In terms of the other two extended adjuvant AI trials, our findings are consistent with those of the letrozole MA.17 lipid substudy results. According to this, letrozole had no significant effect on the lipid profiles of 347 postmenopausal women after 36 months of treatment. Both treatment arms experienced increases in total cholesterol, LDL, and triglycerides at 6 months, but this could be perceived as a consequence of the discontinuation of tamoxifen. Levels later leveled off and remained fairly stable [45]. In an extension of the MA.17 study currently under way, patients are being rerandomized to an additional 5 years of letrozole or placebo. Data from this group could allow further investigation of the lipid and cardiovascular effects that may occur with long-term estrogen deprivation.

Adjuvant trials comparing aromatase inhibitors with tamoxifen have also provided evidence of the effect of AIs on lipid metabolism. When comparing tamoxifen therapy with each AI results in some changes in lipid parameter levels, but again, no detrimental effects have been observed. These effects could be due to the beneficial effect of tamoxifen mainly and, to a lesser extent, to the adverse effect of AI therapy.
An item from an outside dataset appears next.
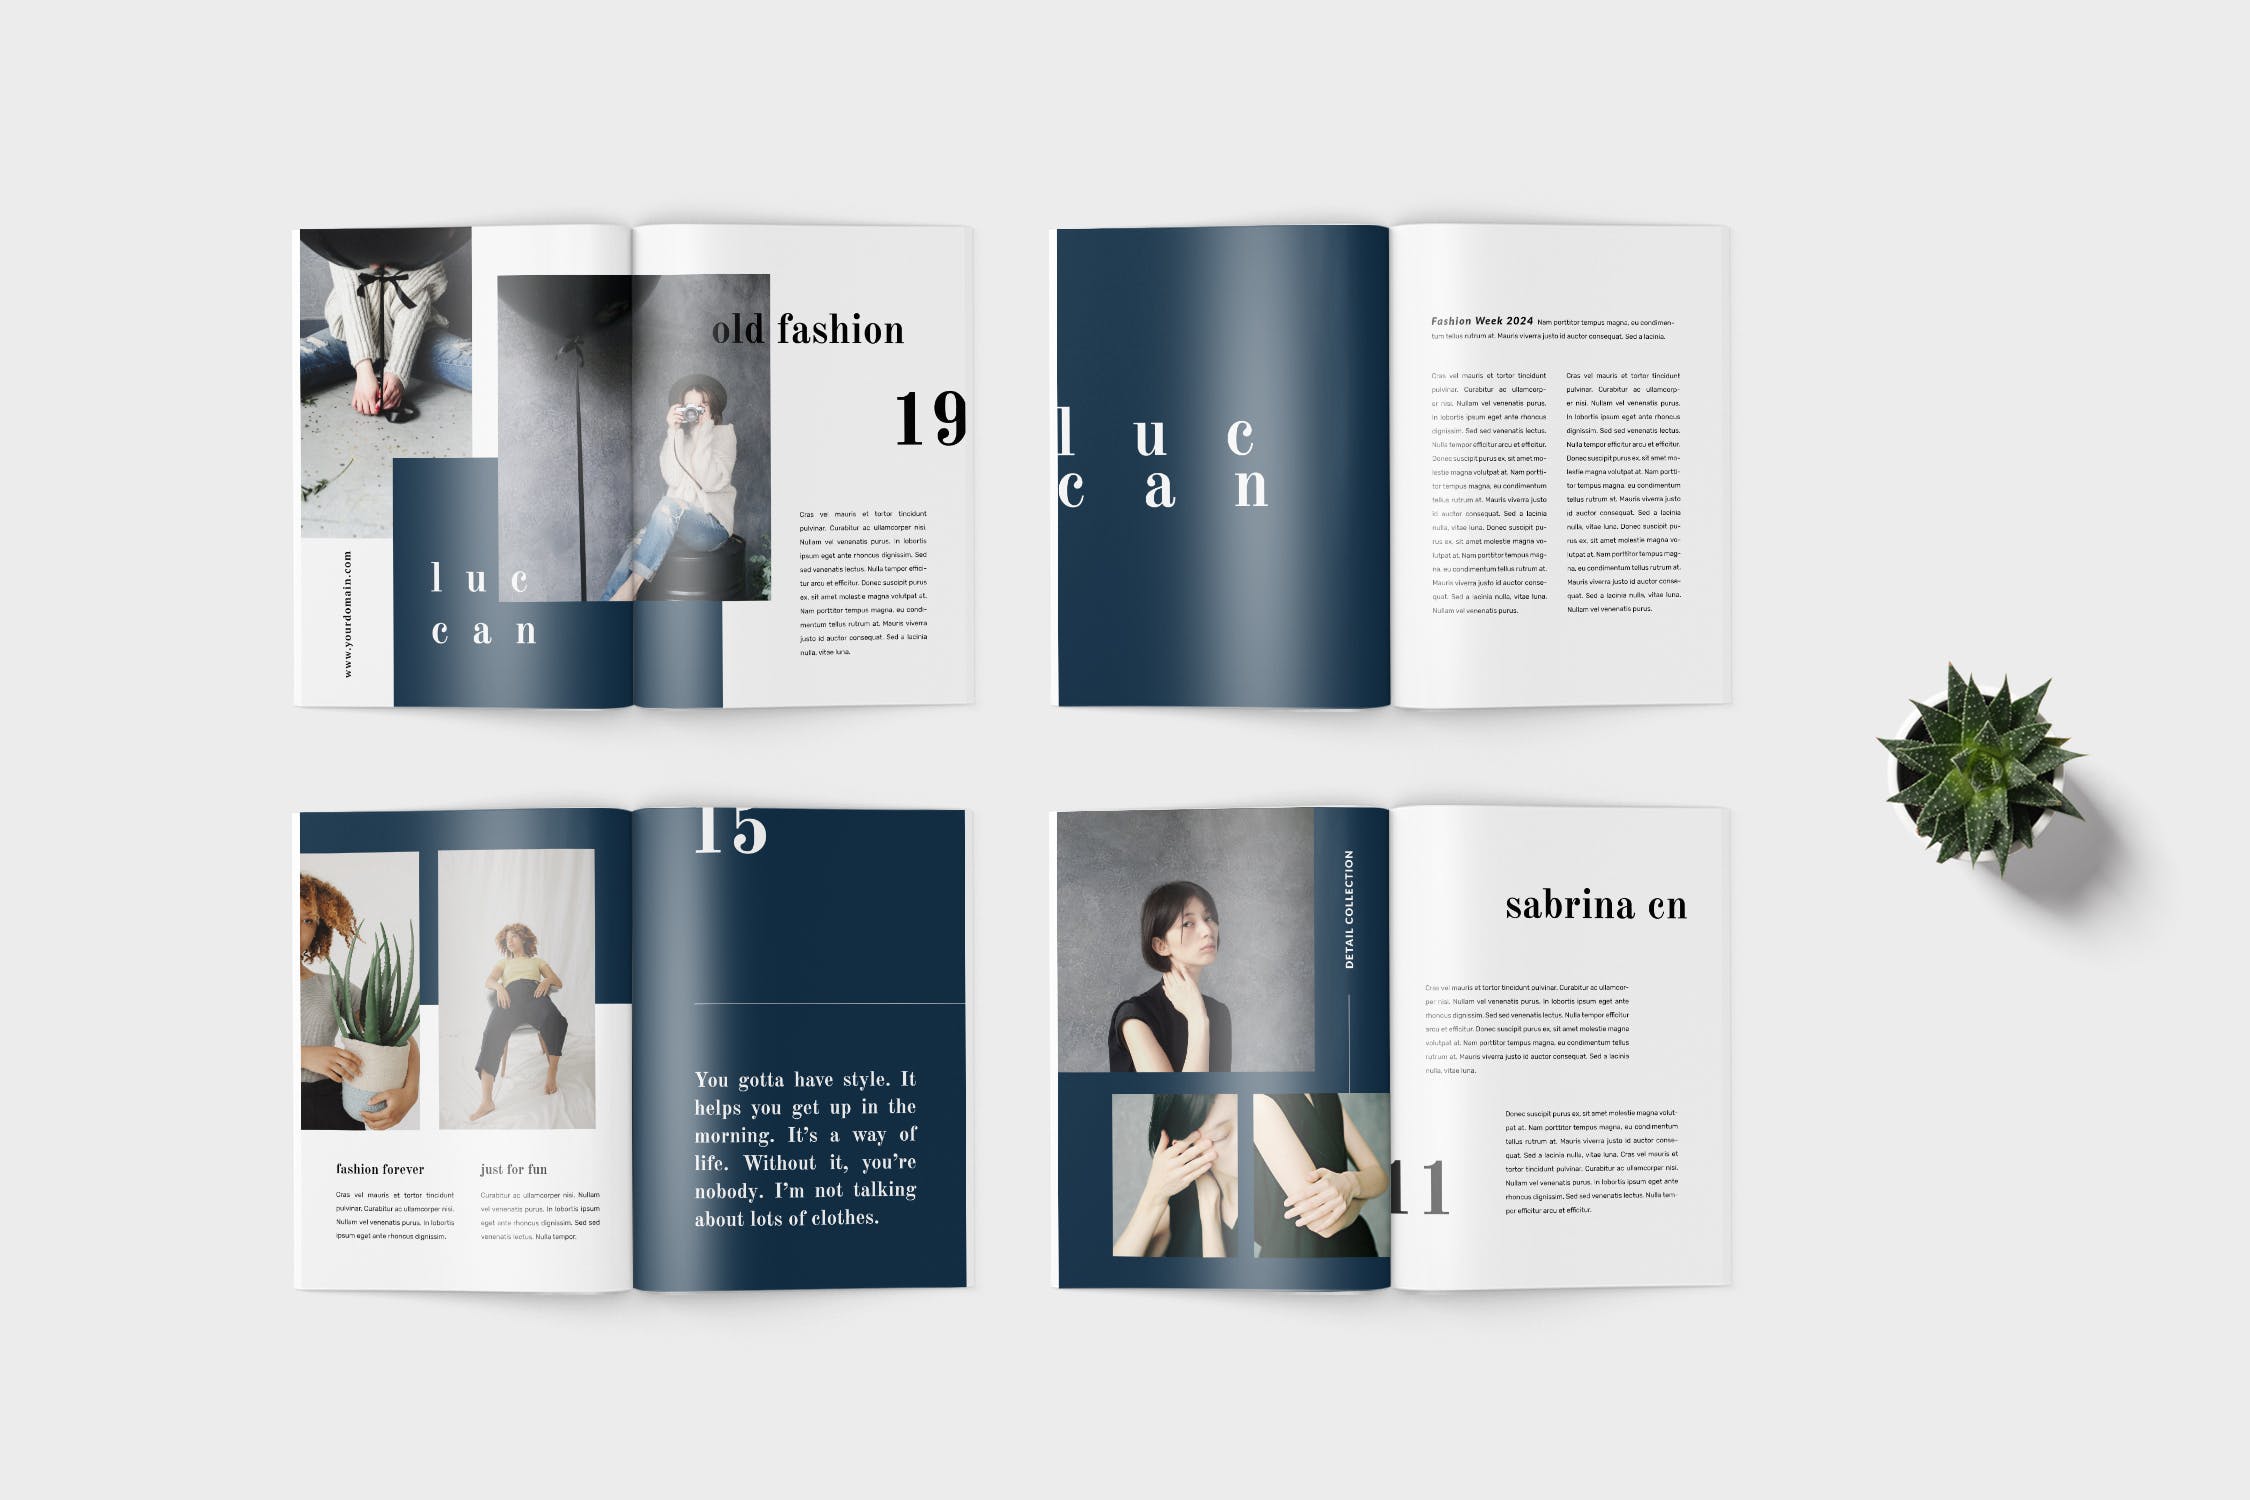 高端女性服装品牌产品素材库精选目录设计模板 Luccan Fashion Lookbook Catalogue插图(3)

Initial results of the LEAP trial directly compare safety parameters between the steroidal AI exemestane and the nonsteroidal AIs anastrozole and letrozole in 90 healthy postmenopausal women [46]. Initial results show that no significant differences exist between anastrozole and letrozole in effects on LDL/HDL ratios, triglyceride concentrations, and non-HDL concentrations. Exemestane was associated with an increase in the LDL/HDL ratio (+17) (P = 0.047) compared with anastrozole. No median change from baseline is seen in total serum cholesterol for letrozole, a slight increase for anastrozole (+0.4), and a nonsignificant decrease for exemestane (-3.9) (P = 0.164 vs. anastrozole).

Current data do not allow drawing any clear conclusions about the effects of AIs on lipid metabolism. However, one must note that AIs lack the cardioprotective effect of tamoxifen. Moreover, most of the trials published today provide data for a follow-up to a maximum of 3 years of treatment. No clear evidence is found of the long-term effect of AIs on lipid parameters and subsequently on cardiovascular health as a whole. However, the benefits of receiving an AI are likely to outweigh the risk of the effect on lipid profiles.

Our results are in agreement with those of previously published AI lipid trials. Exemestane does not have the protective effect of tamoxifen on lipids. A trend for decreased HDL levels was noticed across time in patients with long-term exemestane treatment. However, extended adjuvant treatment with exemestane in postmenopausal breast cancer patients after cessation of 5 to 7 years of tamoxifen does not appear overall to alter significantly the lipid profile compared with that of an observational arm.